Based on certain combinations of these five risk criteria we are proposing a new approach to determining which medical devices are most likely to be potentially hazardous if they are not given periodic attention. These are the devices that should be given an appropriate level of priority for periodic planned maintenance. The term RCM-based risk criteria is appropriate because the logical basis for this questionnaire is the same logical basis as that embedded in the RCM approach.( See HTM ComRef 1. and HTM ComRef 26.)

It is important to point out here that not all possible hidden failures are listed in column 5 of Table 3. In many cases there may be a number of possible hidden failures and the best way of identifying them is to review the test protocols listed in the performance verification and safety testing (PVST) section of the device's generic PM procedure. For example, by looking at this section of the generic PM procedure for a defibrillator-monitor (click on the PM Code in the 3rd column of Table 3 - DEF-01 you can see that Tasks (S4 thru S7) have been labelled as "Serious failure is potentially Life-threatening". The example cited in the fifth column of Table 3 is that the ""hidden failure caused the unit to under-deliver"" which would correspond to a PM finding that Task S7 indicated that the delivered energy was significantly less than what the energy level selected. According to the extent to which the device is found to be out-of-spec (OOS) the adverse outcome should be judged to be of either LOS 1, LOS 2, or LOS 3 level of severity. In both of these cases (an anticipated overt failure or a hidden failure) the analyses in the tables should include this additional judgment on the outcome and worst case level of severity of each anticipated failure, entered in the sixth or seventh column of the respective table.


Table 2 and Table 3 illustrate how this concise risk characterization process works. We have used the compounded result of these risk assessments to filter and categorize the subset of the 70+ more complex device types (listed in Table 1 ) that we believe represent all or most of the device types that are likely to meet either of the Task Force's first three risk criteria. Although this particular subset represents only about 5-10% of the 700 to 1500 different types of medical equipment in modern hospitals, we believe that it represents all of the types of device that are likely to injure a patient, either if they stop working completely or if they develop some kind of significant hidden degradation.

The concise scenarios described in the fifth and sixth columns of Table 2 and Table 3 make the categorization process logical and quite transparent since the judgments are made public on the Task Force's wiki website and they are there to be challenged. This new process should allow for a much better community-wide consistency than the broad, potentially subjective generalizations of earlier methods. The new method introduces one or two new terms to characterize more precisely the nature of the device types that should be considered potentially hazardous, but these new terms are helpful identify which preventive strategies, including non-maintenance measures, will work best for maximizing patient safety (see HTM ComDoc 8. )

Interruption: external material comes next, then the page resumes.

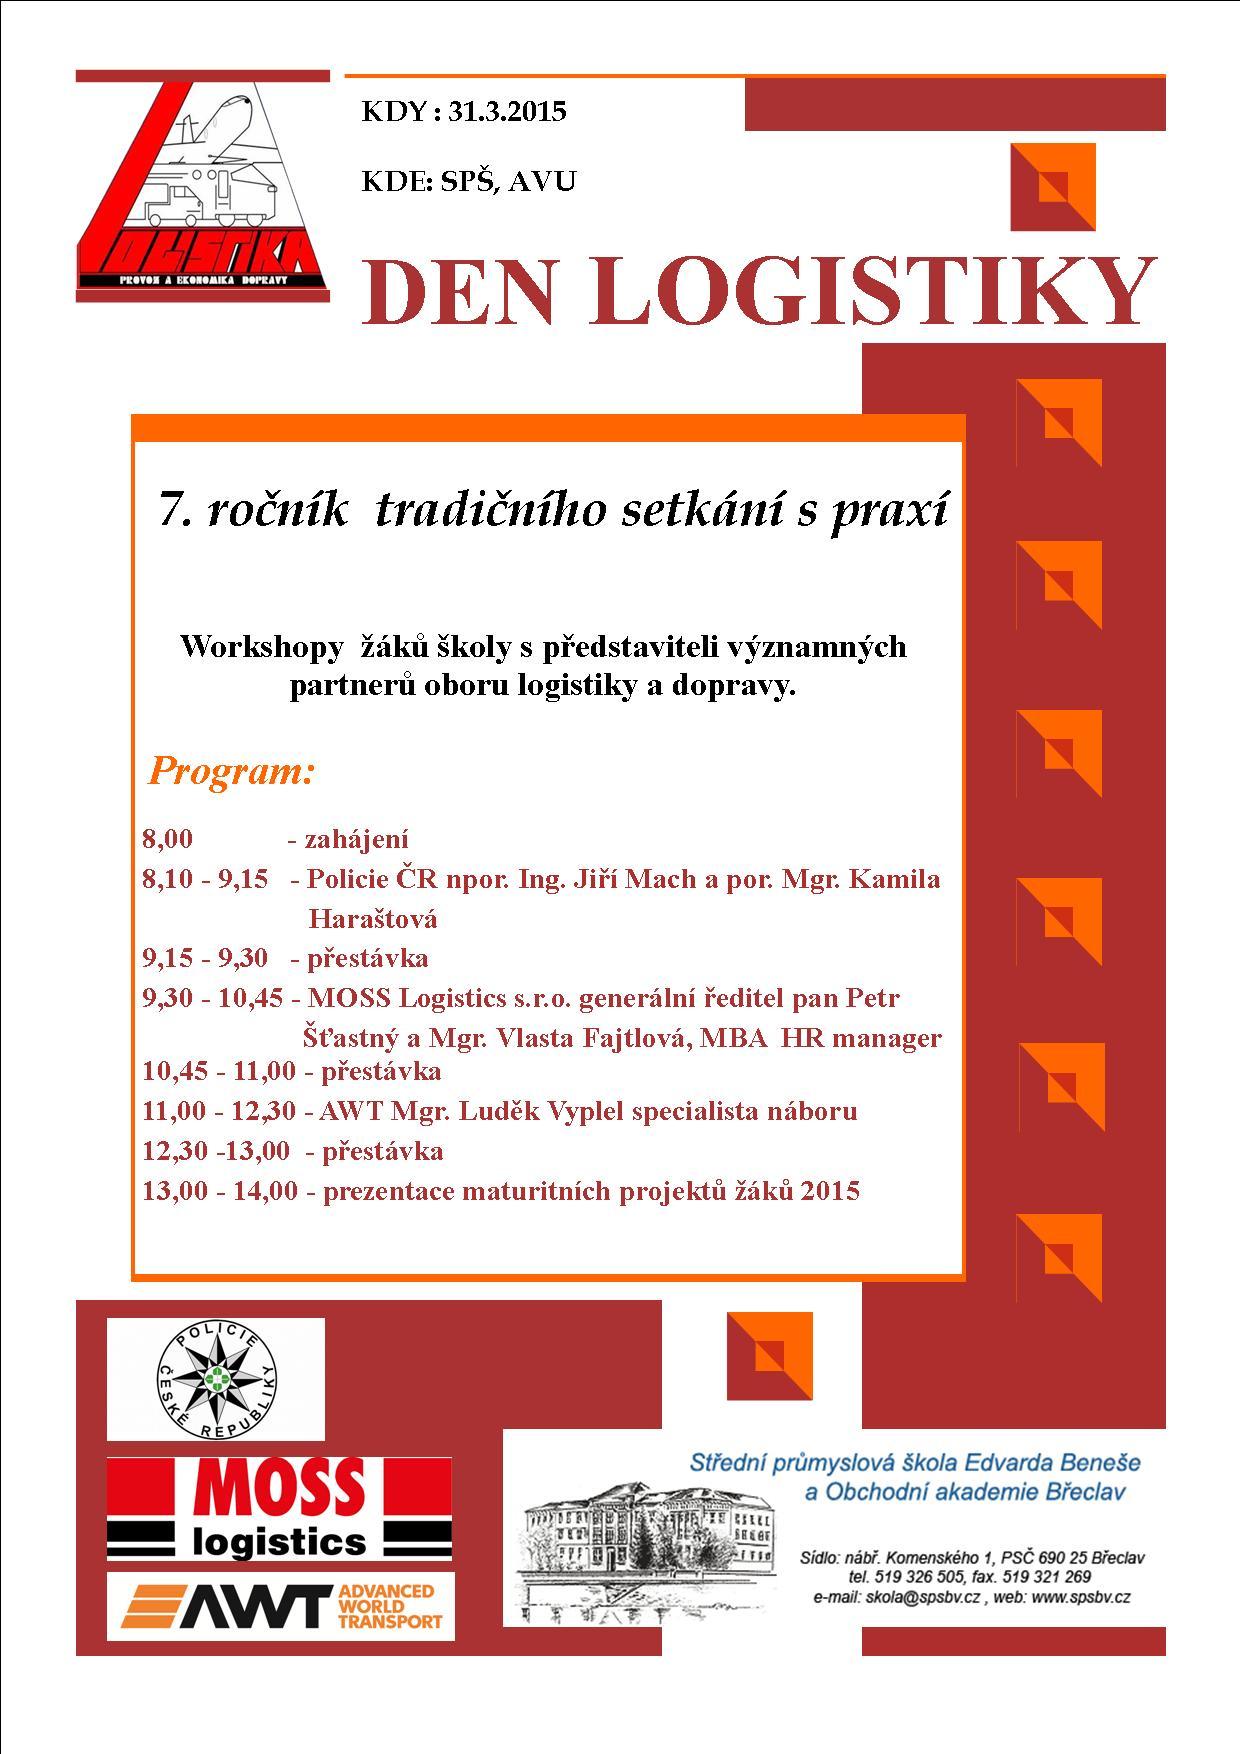 Den logistiky 2015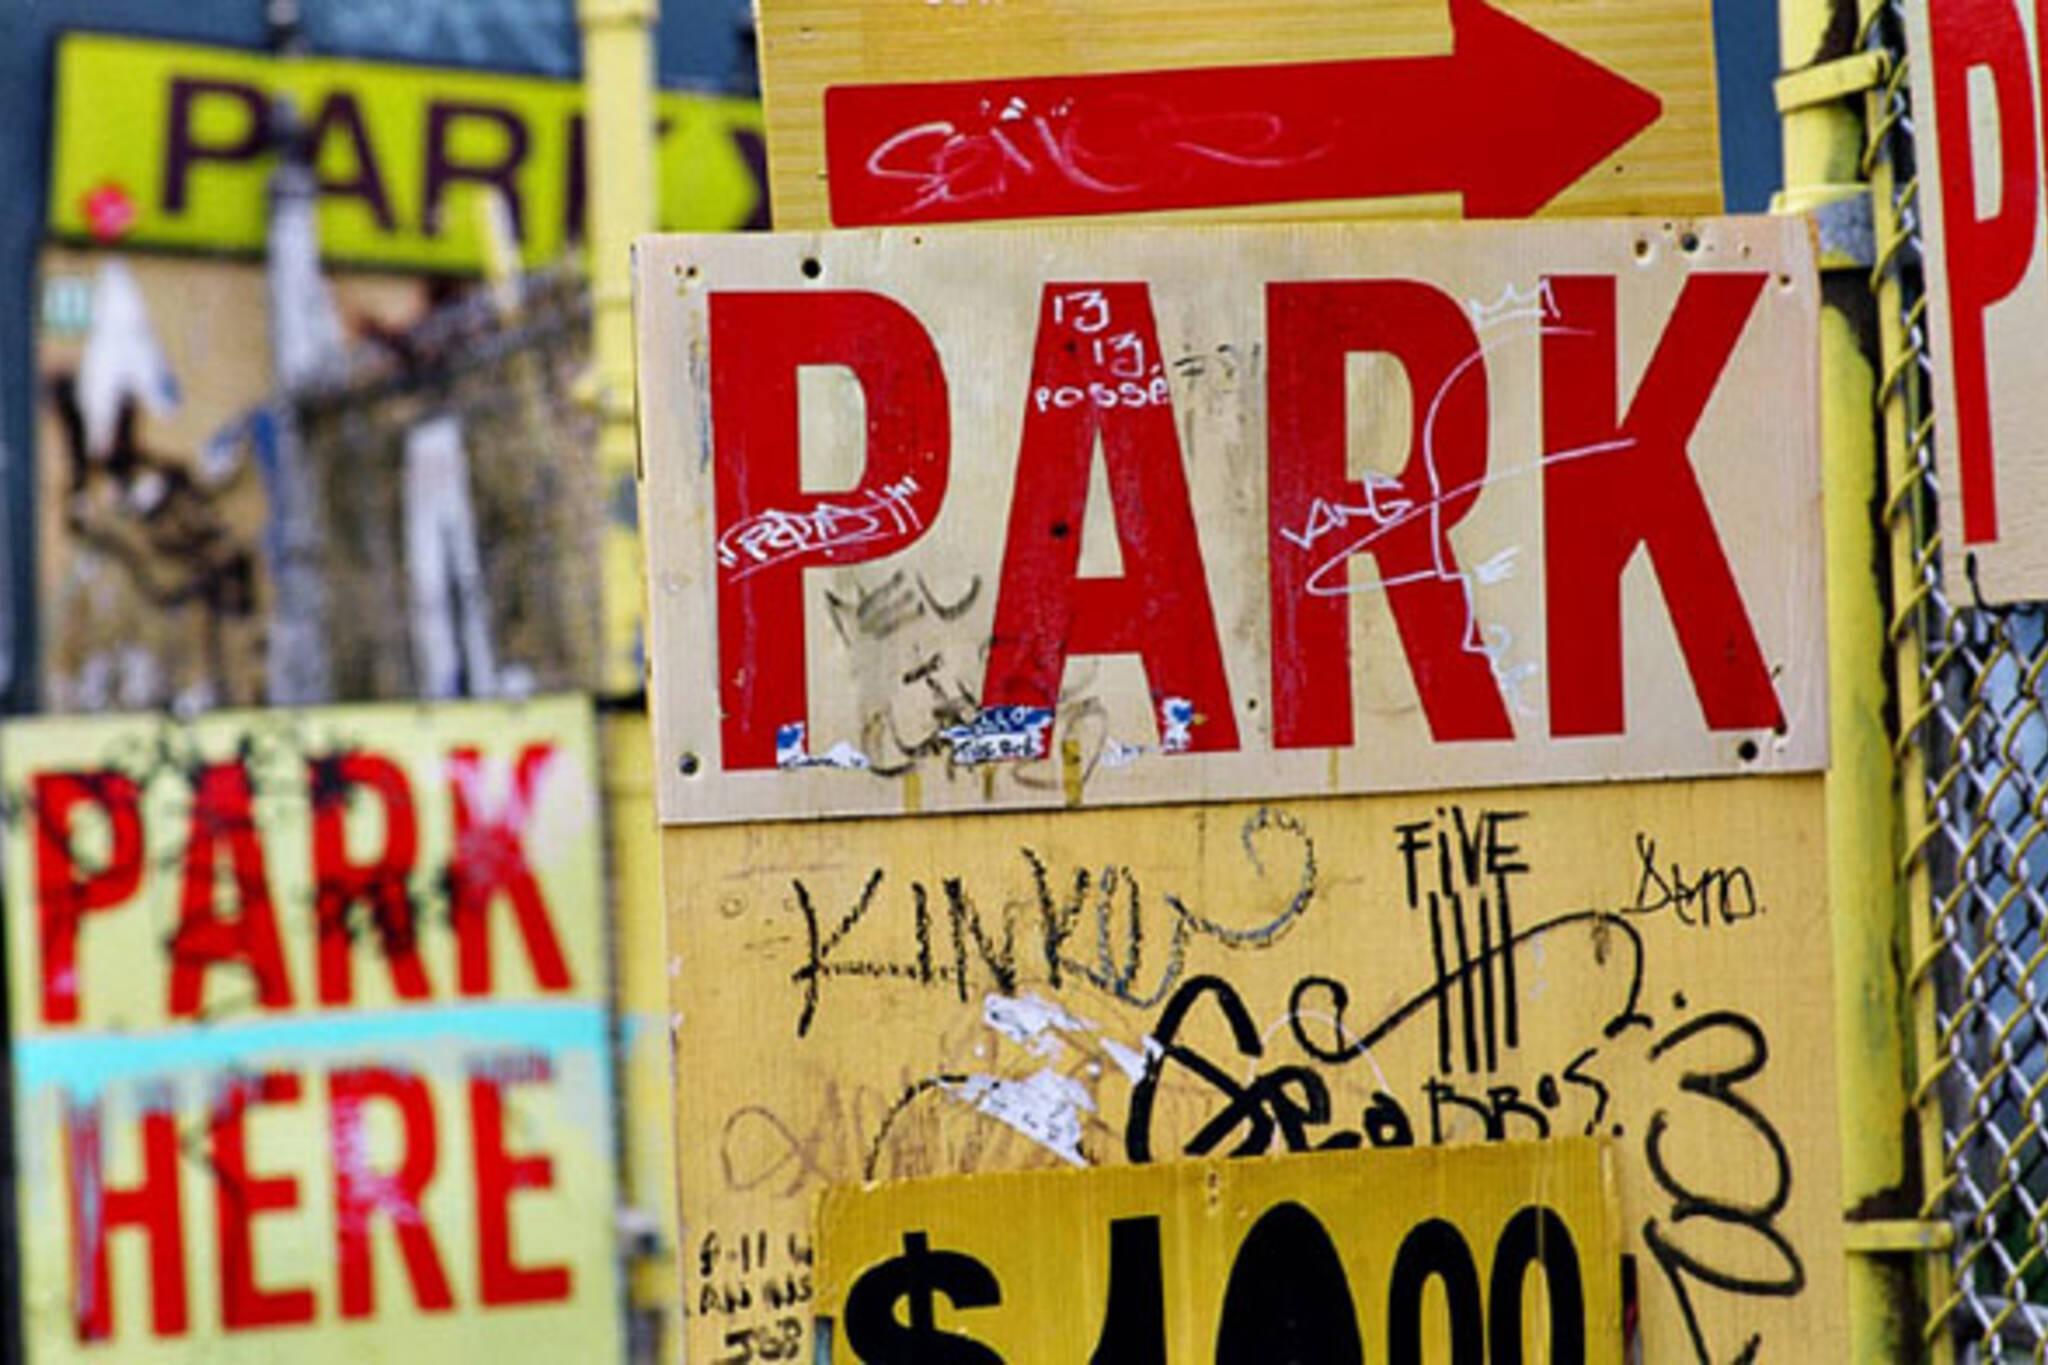 blogTO Morning Brew Parking Signs

The Task Force has prepared a brief statement documenting the why this PM Criticality questionnaire is consistent with established industry standards of practice.


From HTM ComDoc 7.

The maintenance entity must use some form of coding for repair calls that allows for a separate count of the failures that are attributable to inadequate PM (similar to the MR 1 described in HTM ComDoc ?). Because of its value in maximizing total equipment safety, we also recommend a coding of at least the three basic causes of total failure described in HTM ComDoc 1- namely IRFs or inherent reliability-related failures; MRFs or maintenance-related failures; and PRFs or process-related failures. Adopting the full 15 category classification and coding method described in HTM ComDoc 1 and HTM ComDoc 8. is highly desirable because of its value in diagnosing possible non-maintenance remedial actions.